## WORK REQUIRED
Take the material below and extract the lines from the one with "1-15750130-1 1157501301 Injection" through the one with "19th Century American", word for word, without pictures.

## INFORMATION
++++++++++

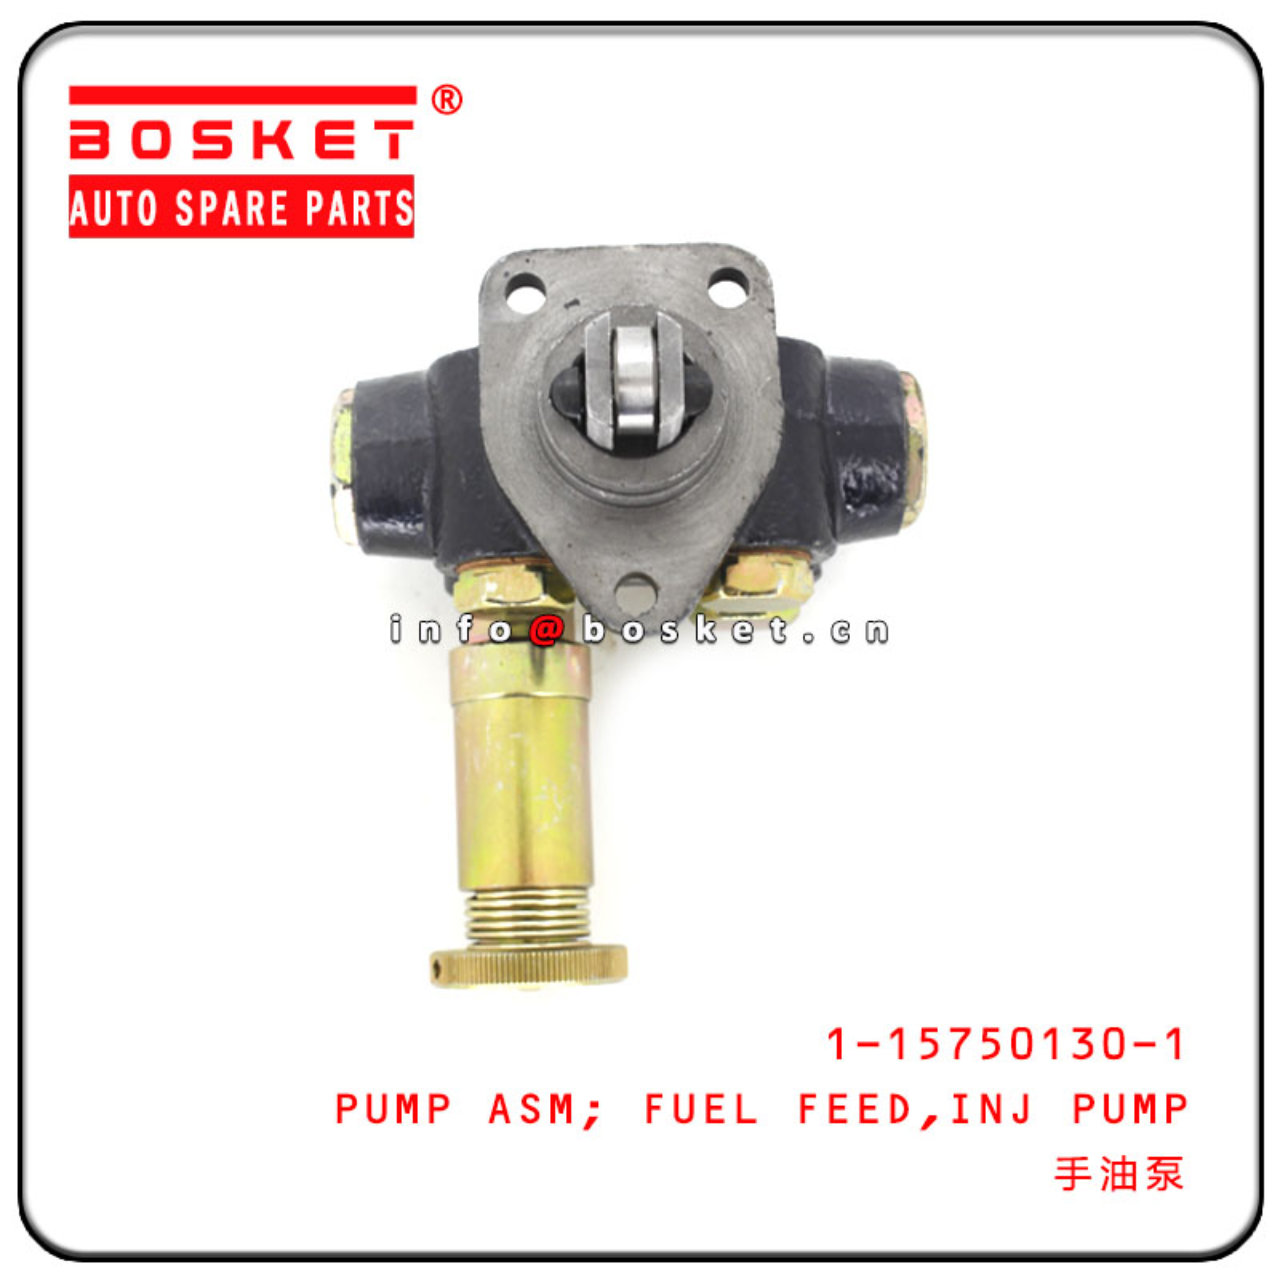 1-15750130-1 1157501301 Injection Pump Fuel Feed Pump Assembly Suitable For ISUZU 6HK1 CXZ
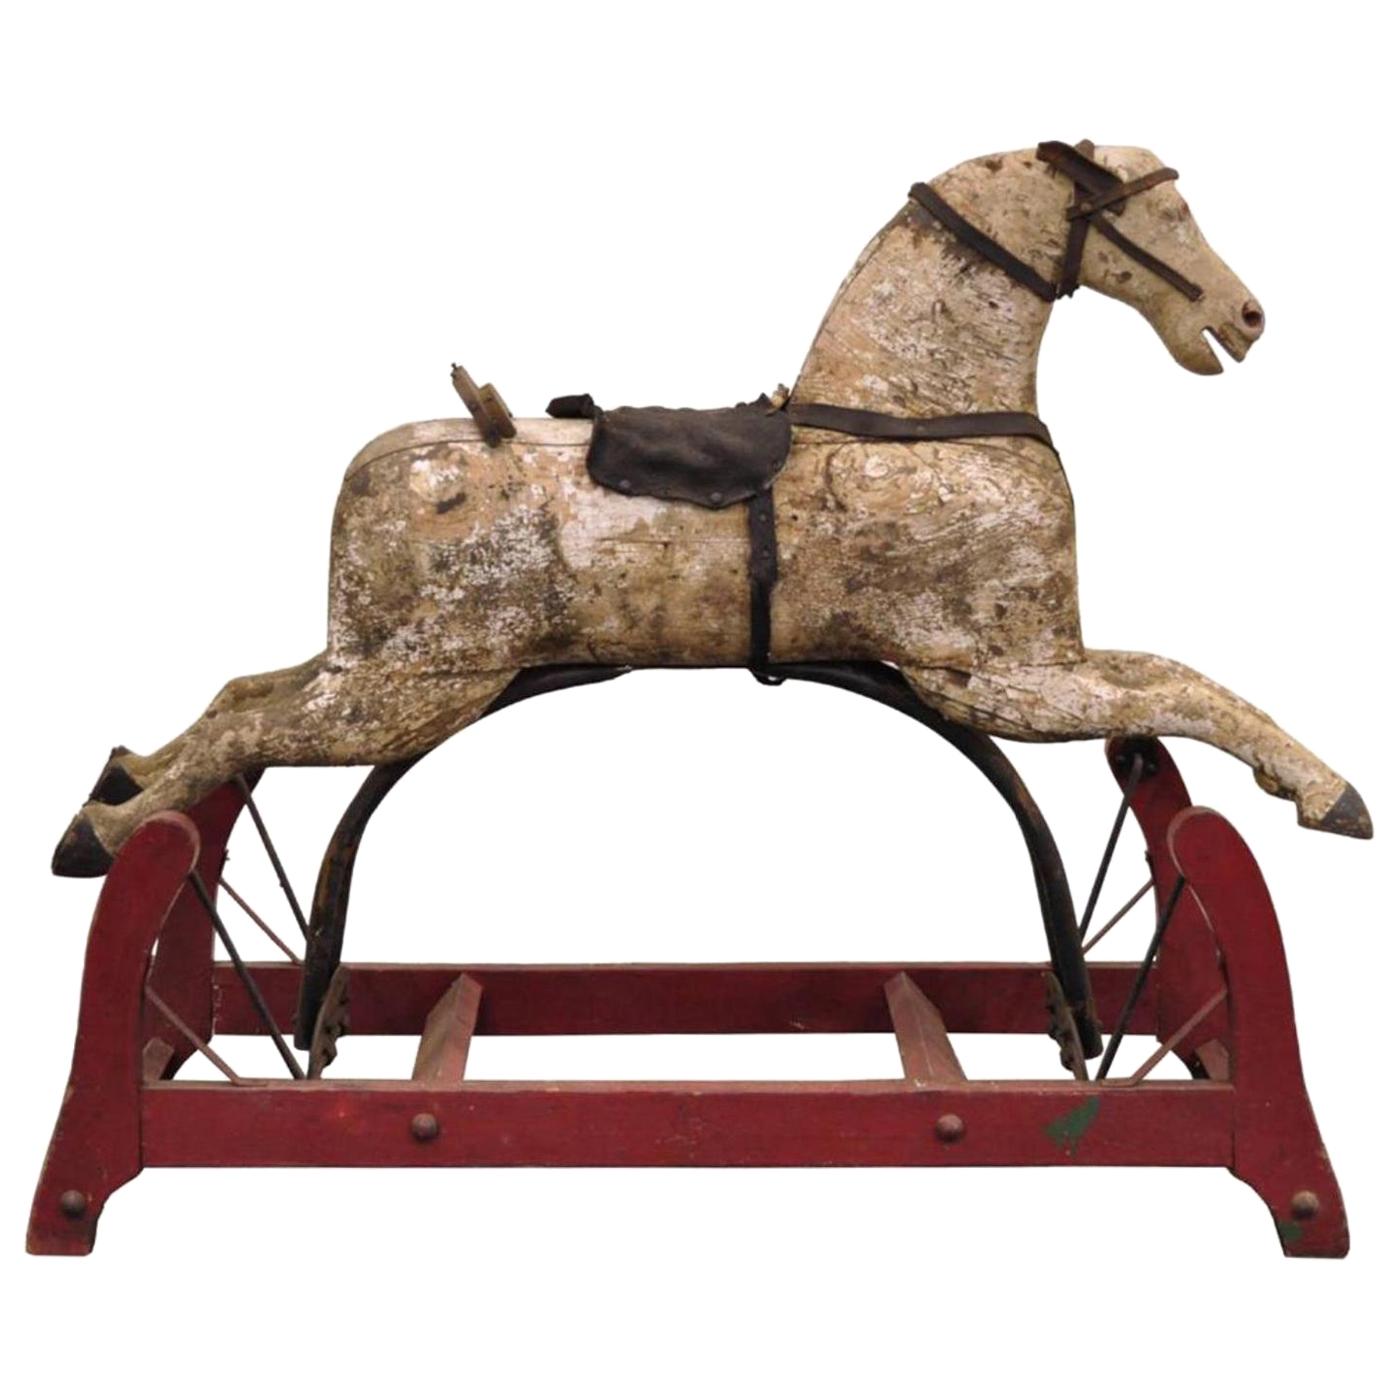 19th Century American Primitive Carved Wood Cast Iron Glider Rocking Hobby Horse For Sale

++++++++++

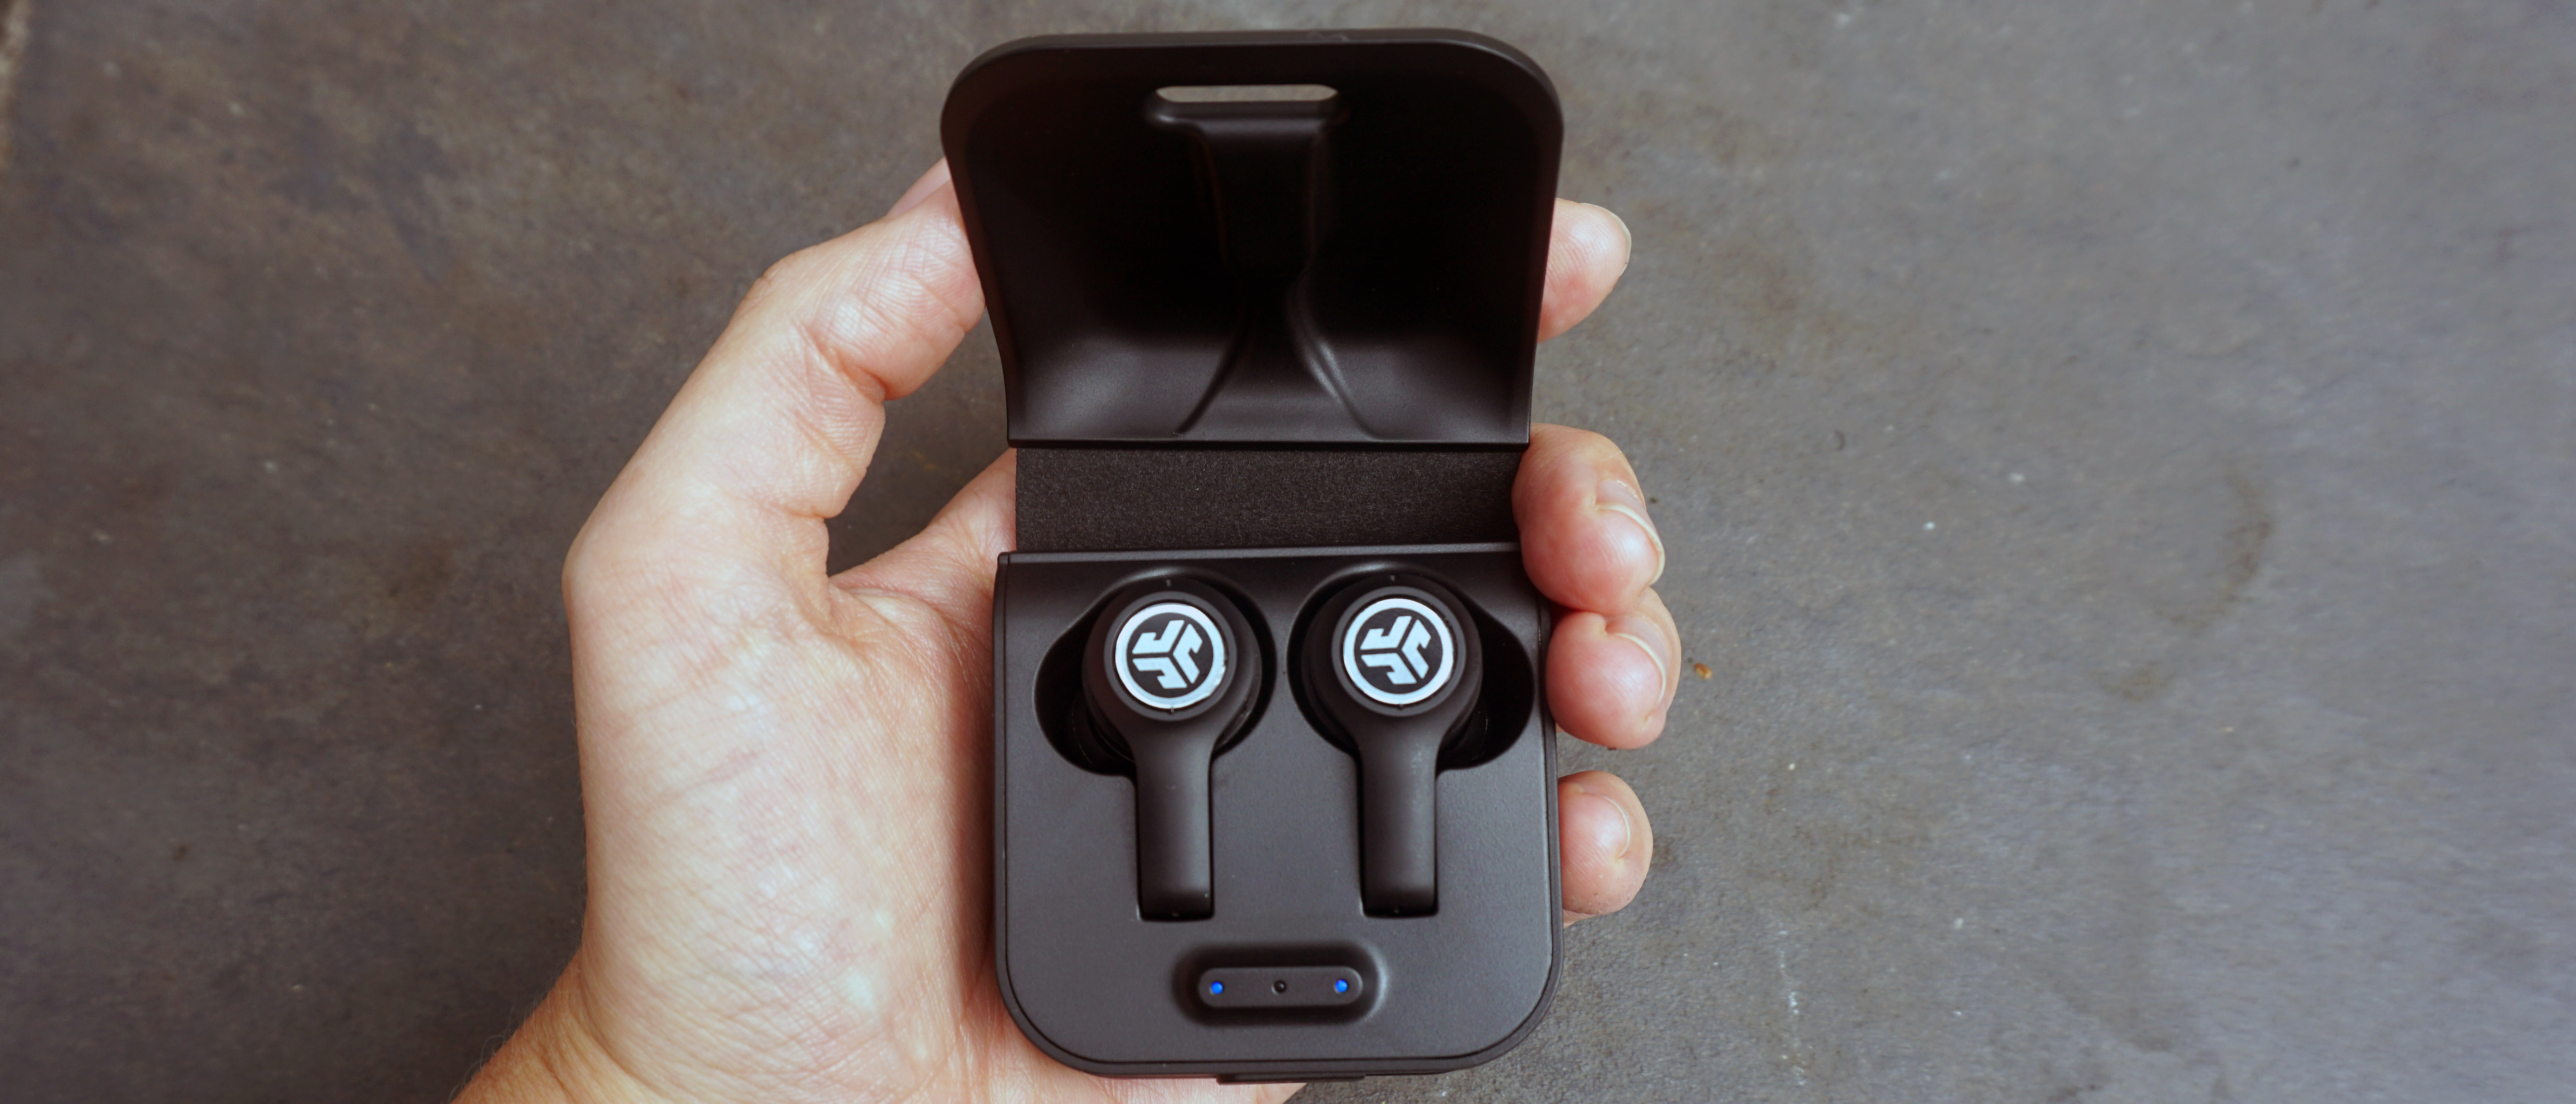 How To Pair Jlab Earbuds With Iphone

++++++++++

## RESPONSE TO THIS EXERCISE
 1-15750130-1 1157501301 Injection Pump Fuel Feed Pump Assembly Suitable For ISUZU 6HK1 CXZ
 19th Century American Primitive Carved Wood Cast Iron Glider Rocking Hobby Horse For Sale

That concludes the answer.